So, lets say I shoot most of my film on 250D, and I am able to get a free roll of 500T. If I use an 85 on that, I realize that t will drop my ASA to 320, and I will have to compensate my exposure. If i were to properly expose both stocks, would the difference between them go unnoticed?

It depends on how you're planning to use them. Daylight and tungsten stocks render color differently. Faster stocks are generally grainier than their slower counterparts. Finally, Kodak and Fuji are different so Fuji 250D will not look exactly like Kodak 250D, etc. So if you are trying to intercut the stocks in the same scene, then you may notice the difference. If they are used in separate scenes, say the 500T for night exterior, and 250D for day interior then probably not.

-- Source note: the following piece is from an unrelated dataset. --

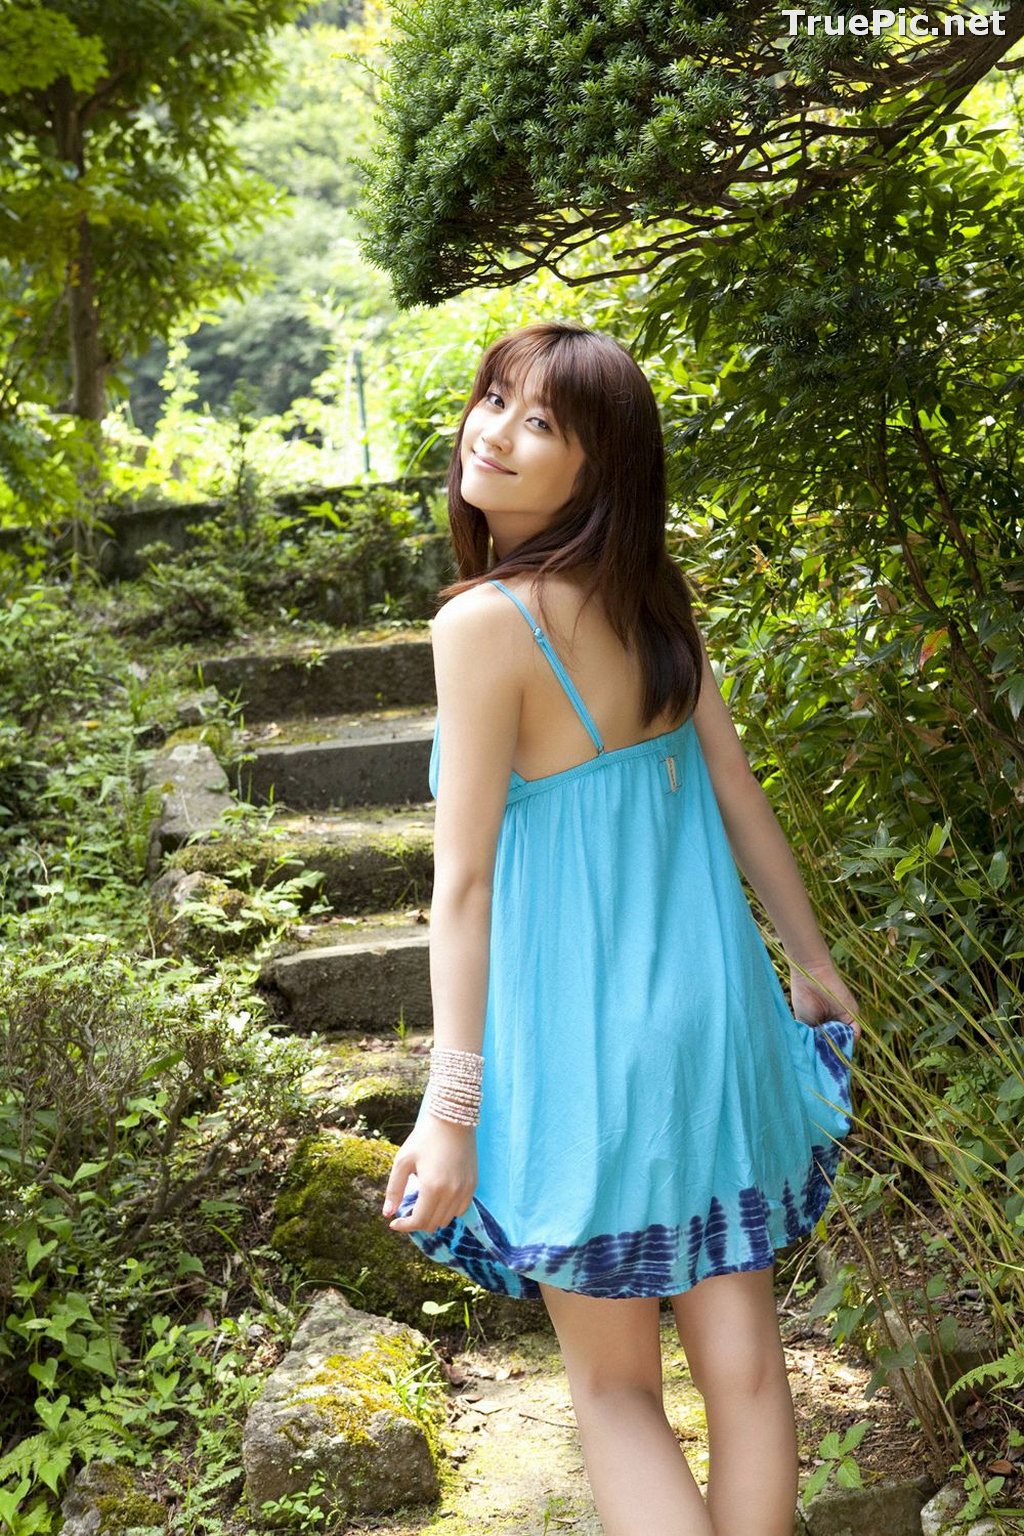 Image [YS Web] Vol.372 - Japanese Gravure Idol - Megumi Hara - TruePic.net - Picture-45

I recently mixed two stocks on a Super16 short, Fuji 160T Vivid 8643 for day exteriors and Kodak 500T 7219 for day and night interiors. Most people will never notice the small differences in dynamic range, color rendition, and graininess between the two because of the greater difference in the designed look of the exteriors and interiors. The 8643 was actually perceptually grainier than the 7219 at times! It also did not hold highlights and shadows as well as the 7219. But it made lush green foliage pop while rendering pretty skin tones without too much red, which was what I needed it to do. You pick the right paint for the corner of the picture you happen to be painting at the time, that's all.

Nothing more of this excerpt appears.